When a verdict is generated, AskVerdict also reports the calibration quality of the prediction itself — not just your historical accuracy:

QualityMeaning
cold_startYou have fewer than 5 resolved outcomes — not enough history to calibrate
limitedSome history exists but confidence intervals are wide
well_calibratedEnough history to produce reliable probability estimates

Calibration data requires at least a handful of resolved outcomes before the buckets have statistical meaning. The more outcomes you resolve, the more reliable the calibration curve becomes.

What Good Calibration Looks Like

A perfectly calibrated user would see actualRate ≈ predictedRange[midpoint] across all buckets — predictions at 80% confidence land correct 80% of the time. In practice:

  • Slight underconfidence (actual rate higher than predicted) is common and harmless
  • Consistent overconfidence (actual rate significantly lower than predicted) means you should apply more scrutiny before acting on high-confidence verdicts
  • Buckets with very few samples (count < 5) are not statistically reliable — treat them as directional only

Streaks

Streaks measure how consistently you are engaging with structured decision-making. Your streak increments once per calendar day (UTC) when you create at least one debate.

How Streaks Work

The streak calculation is based on distinct calendar days, not debate count. Creating three debates in a single day still counts as one streak day.

The streak is considered active if:

  • You created at least one debate today, or
  • You created at least one debate yesterday (the streak extends into today if you have not debated yet)

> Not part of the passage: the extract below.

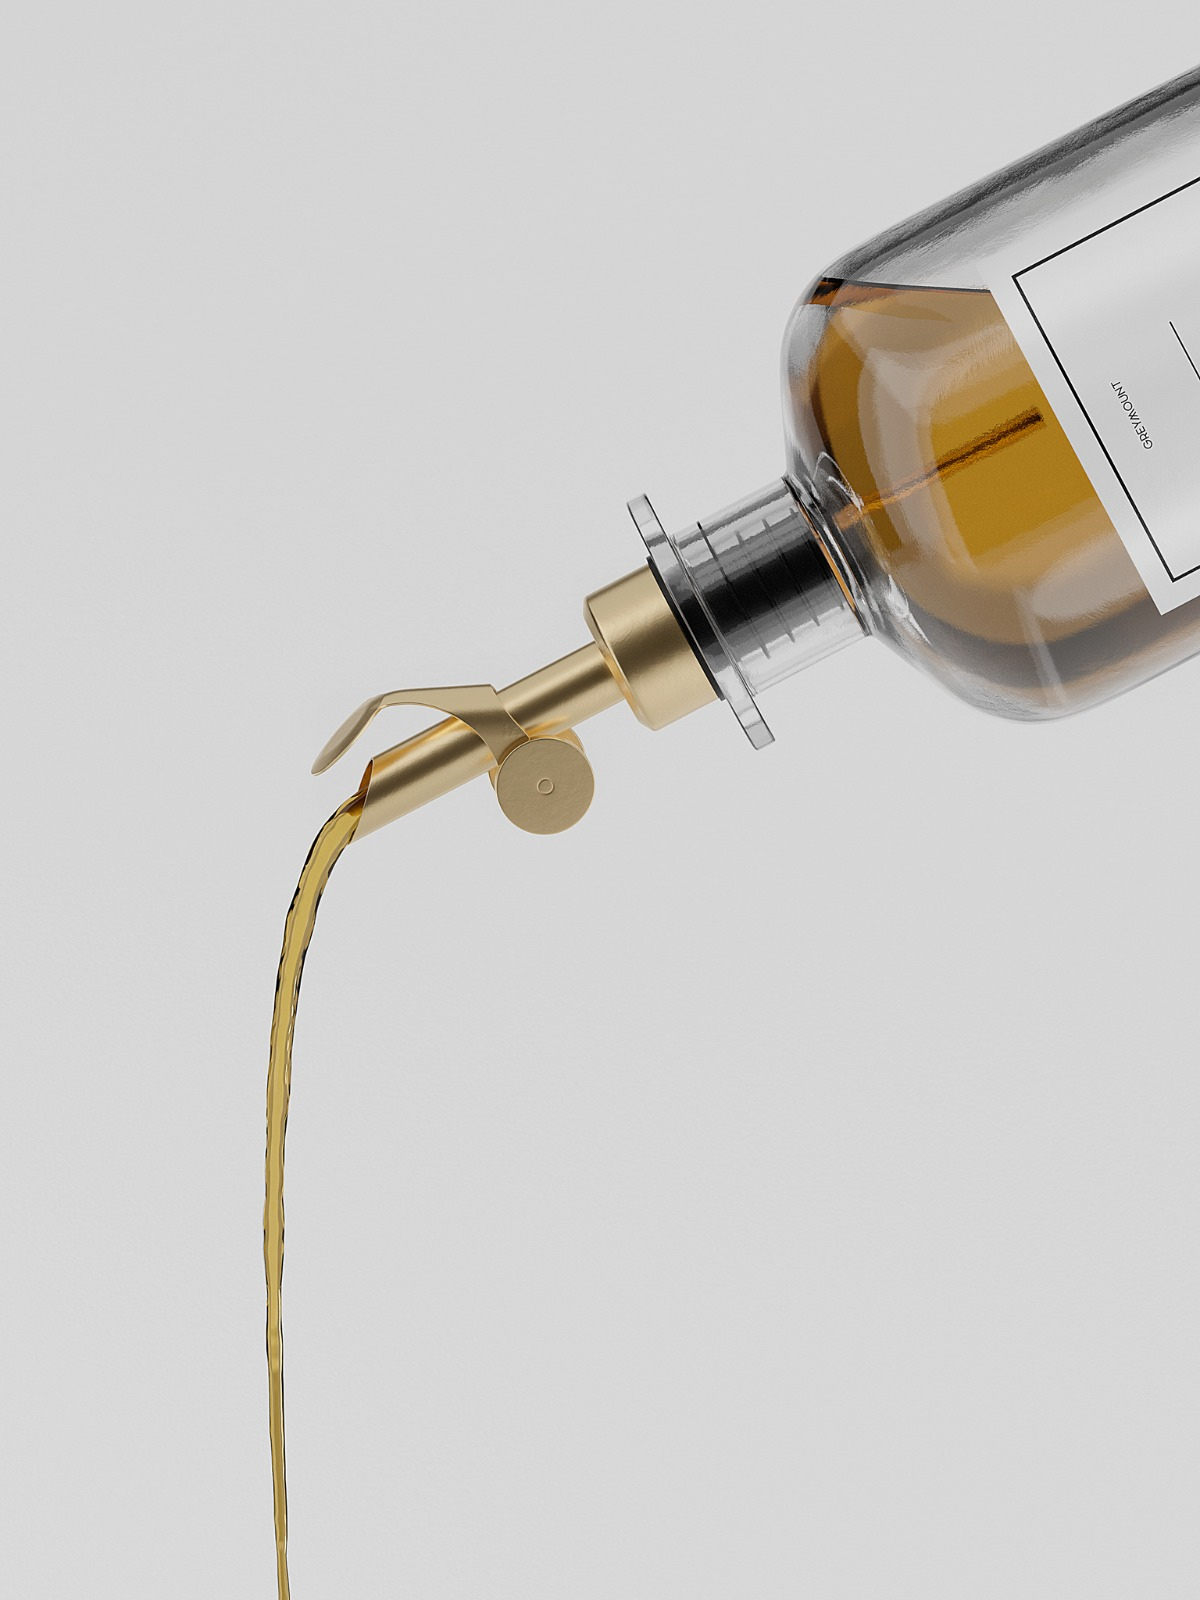 Ölflasche aus Glas mit goldenem Ausgießer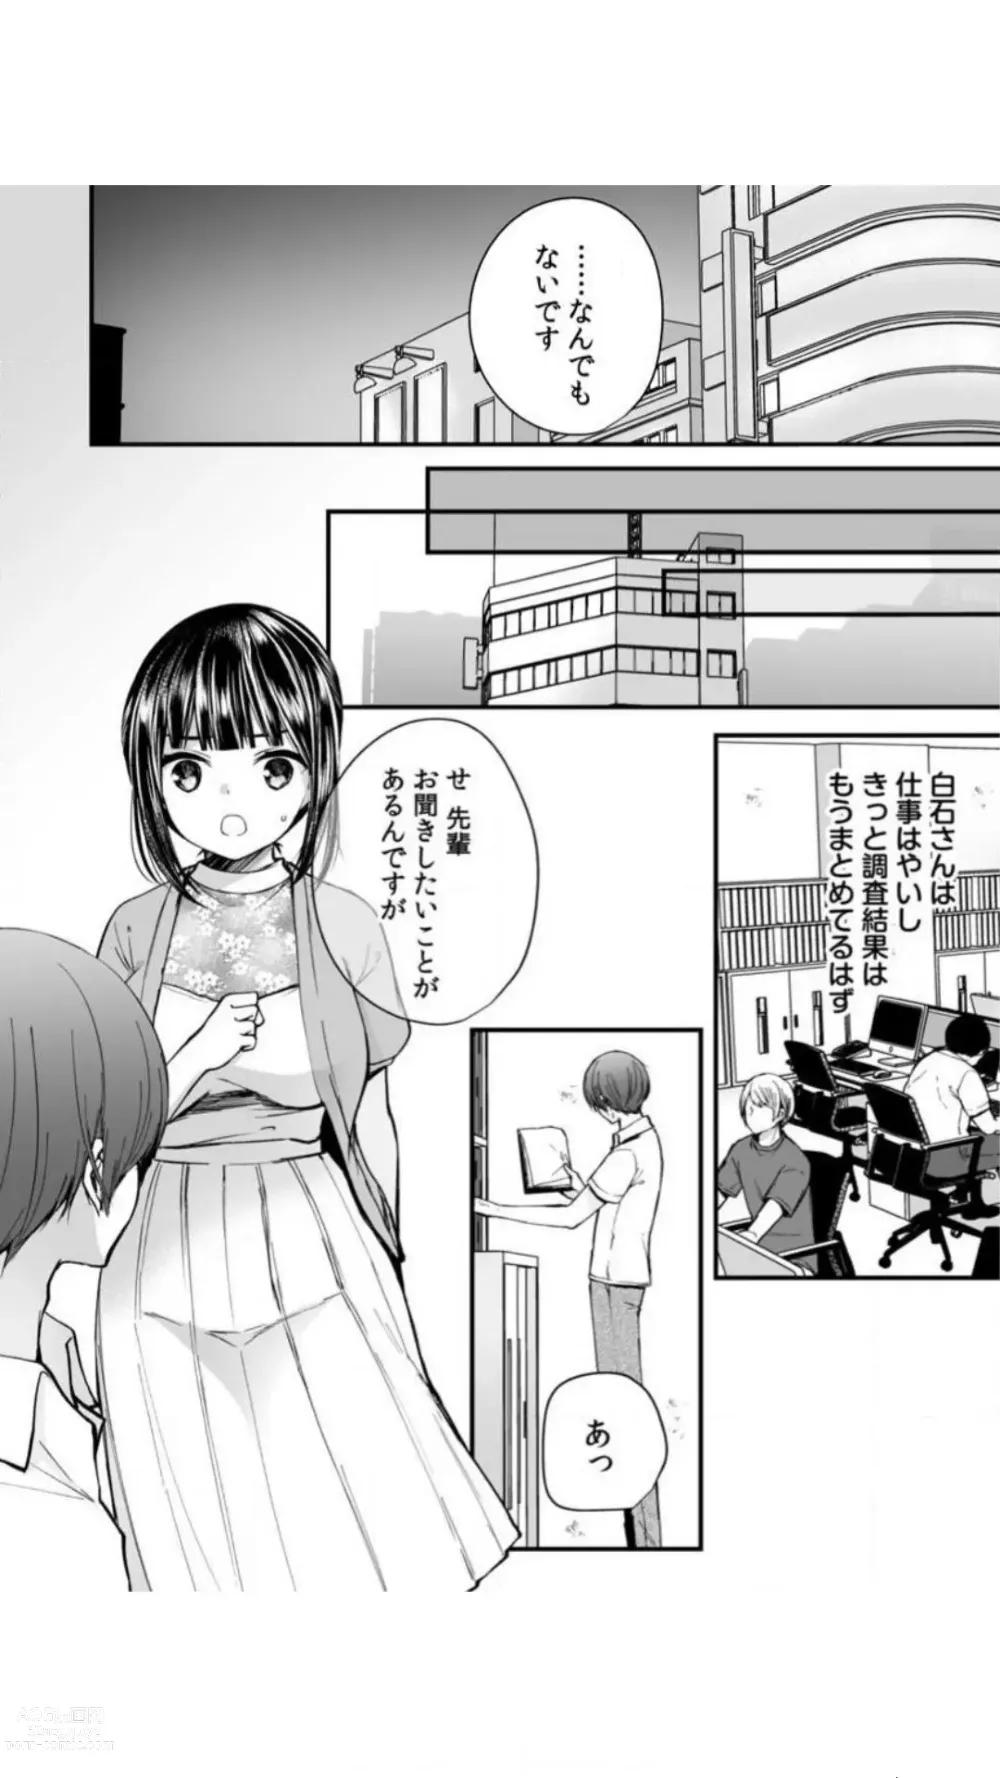 Page 98 of manga Ikasare Sugite Chousa Muri... Sennyuu! Uwasa no Kaikan Massage-ten

If two or more days pass without a debate, the streak resets to zero.

Streak Milestones

Milestone thresholds are based on your total debate count, not streak length. They are:

MilestoneDebates Required
First hundred10 debates
Getting started25 debates
Regular practitioner50 debates
Power user100 debates
Expert practitioner250 debates
Master500 debates

Each milestone records the exact timestamp of the debate that crossed the threshold.

bash
curl https://api.askverdict.ai/api/streaks \
  -H "Authorization: Bearer vrd_your_api_key"
json
{
  "currentStreak": 7,
  "longestStreak": 23,
  "totalDebates": 84,
  "milestones": [
    { "count": 10, "reached": true, "reachedAt": "2025-11-02T09:14:33Z" },
    { "count": 25, "reached": true, "reachedAt": "2025-11-28T16:05:01Z" },
    { "count": 50, "reached": true, "reachedAt": "2026-01-10T11:44:22Z" },
    { "count": 100, "reached": false }
  ]
}

Streaks count all non-deleted debates, including those you did not track an outcome for. Streaks measure engagement, not decision quality — that is what the Brier score measures.


Decision Chains

A decision chain is a named group of related debates linked together to capture how a complex decision evolves over time. Chains are especially useful when:

  • A first verdict generates immediate follow-up questions
  • New information causes you to revisit a prior decision
  • A broad question gets broken into narrower sub-decisions

Chain Structure

Each debate in a chain is a node with a parent link and a relationship type:

RelationshipWhen to Use
follow_upThe natural next question after acting on the parent verdict
reversalNew information led you to reconsider or reverse the parent decision
refinementNarrowing the scope or adding constraints to the parent question

A chain always has a root debate — the first debate in the chain with no parent. All subsequent debates link back through the tree to this root.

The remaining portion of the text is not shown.